How to Create a Google Sitemap Tutorial

This page serves as a tutorial explaining what a Sitemap is and how to create Google-friendly Sitemaps. This is a brief tutorial intended to teach beginners to create a functional Sitemap and does not go into some of the more complex issues.

Many websites have links to pages labeled "Sitemap" or "sitemap". In most of these cases, the page referenced is, in fact, not the kind of Sitemap that Google and other search engines are looking for—so you may think you've created a Sitemap while in fact what you've done is created an index of pages of your site—still useful, but not quite the same thing.

What is a Sitemap?

A sitemap (with a lowercase "s") is a page on a website which contains links to other pages on the site—usually organized in such a manner that humans will find it useful. A Sitemap (with a capital "S") is an XML file which lists URLs on a given site which are available for crawling by search engines, organized in such a way as to be useful to the search engines. A Sitemap contains metadata for each URL which provides information to the search engine regarding each page's relative importance, frequency of update, last update, etc.

While any page containing links to every page on your site will help to some degree, a Sitemap must use XML and the code must follow a specific pattern in order to be most efficient in terms of providing accurate information to search engines. A the time of this writing (summer 2010), Google utilizes the Sitemap Protocol 0.9 as defined by sitemaps.org.1

A Sitemap is useful because it provides a single location where a search engine may access all of the pages in a given site without having to crawl through the entire site, page-by-page, through what may be many layers of links.

Basic Format

Every Sitemap must be enclosed by the tags <urlset xmlns="[namespace]">> and </urlset> and each page within the Sitemap must include, at a minimum, the <url> and <loc> tags (both of which must be closed). Optional tags include <lastmod>, <changefreq>, and <priority>.

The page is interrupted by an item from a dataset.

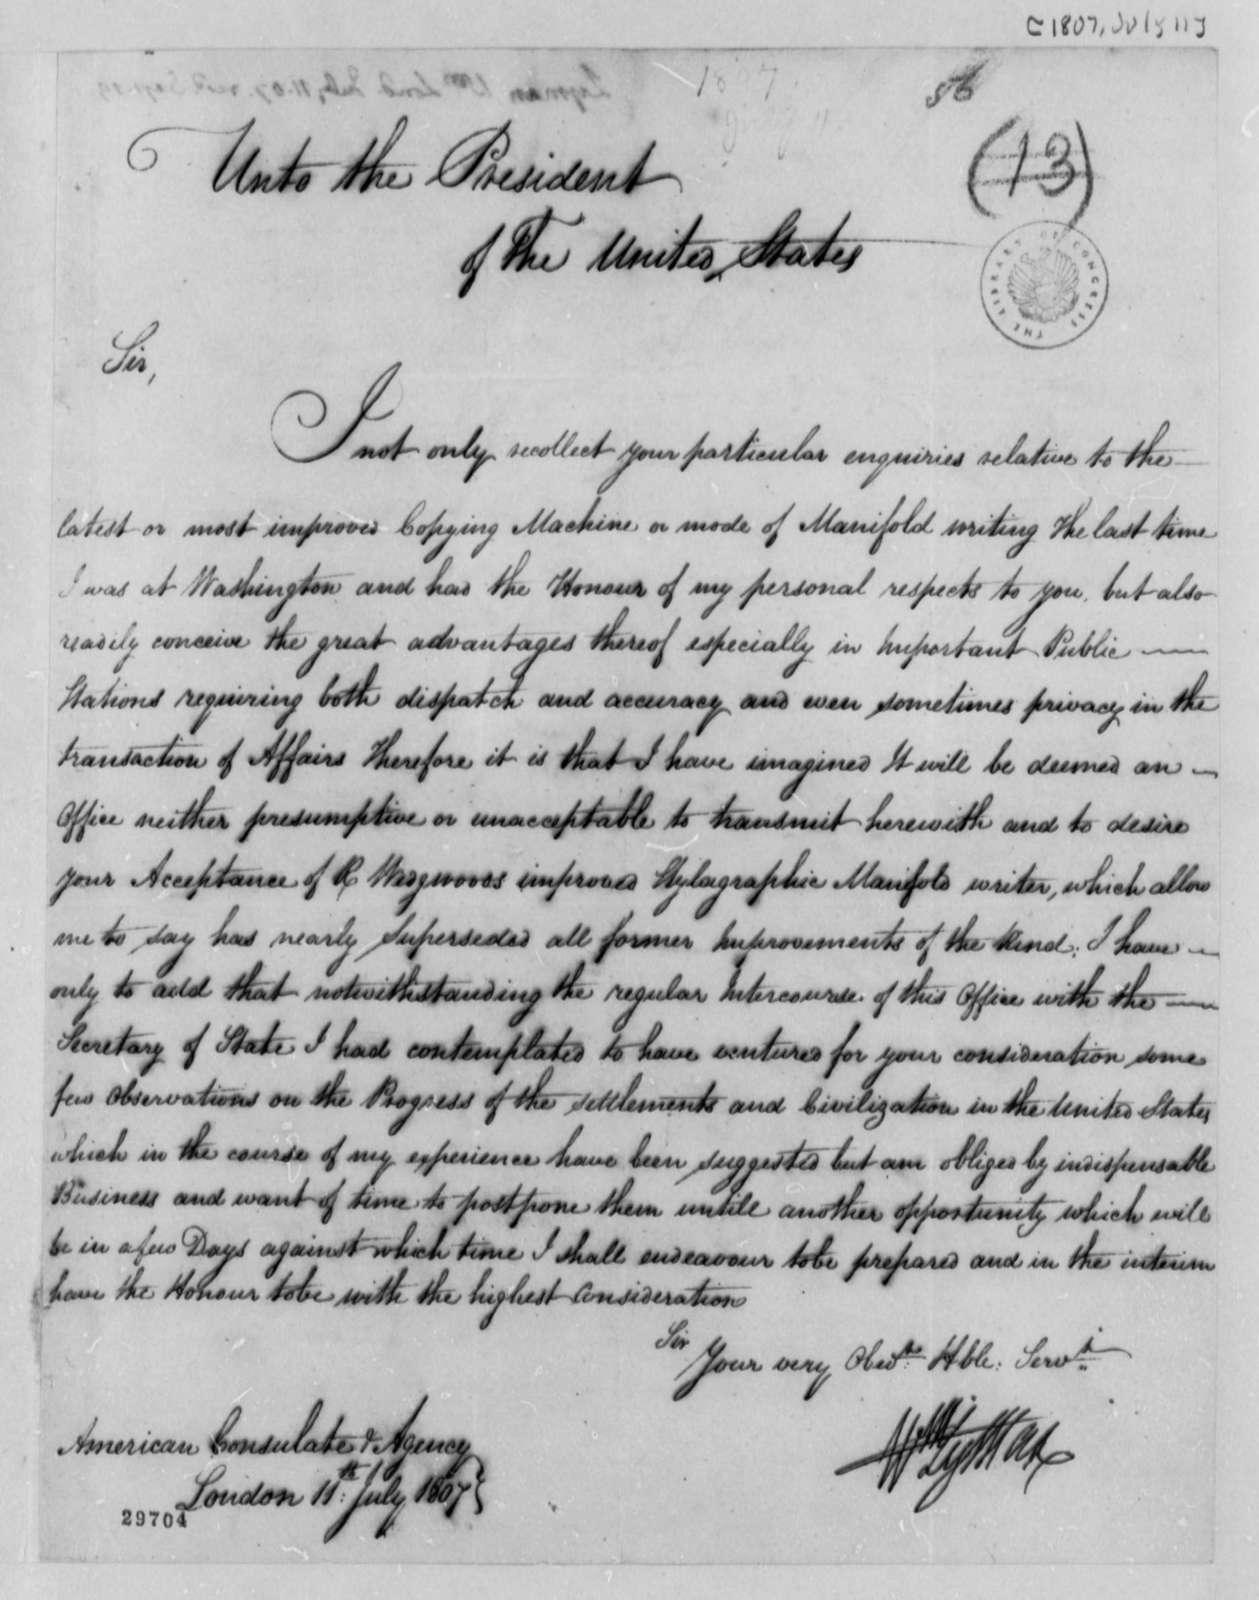 William Lyman to Thomas Jefferson, July 11, 1807

Following is an example of a sample Sitemap with two entries using all required and optional tags:

<?xml version="1.0" encoding="UTF-8"?>
<urlset xmlns="http://www.sitemaps.org/schemas/sitemap/0.9">
   <url>
      <loc>http://www.erikastokes.com/</loc>
      <lastmod>2010-07-29</lastmod>
      <changefreq>monthly</changefreq>
      <priority>0.8</priority>
   </url>
   <url>
      <loc>http://www.erikastokes.com/about-me.php</loc>
      <lastmod>2010-07-05</lastmod>
      <changefreq>yearly</changefreq>
      <priority>0.4</priority>
   </url>
</urlset> 

In the above example I've set up two pages—my main page and my "About Me" page in the Sitemap. I've set the last modification dates and indicated their change frequency and relative priority. The change frequency doesn't have to be exact, and the priority is completely subjective—it's just about how important you, as a site owner, feel the page is relative to the other pages on your site; I'll discuss that in further depth later.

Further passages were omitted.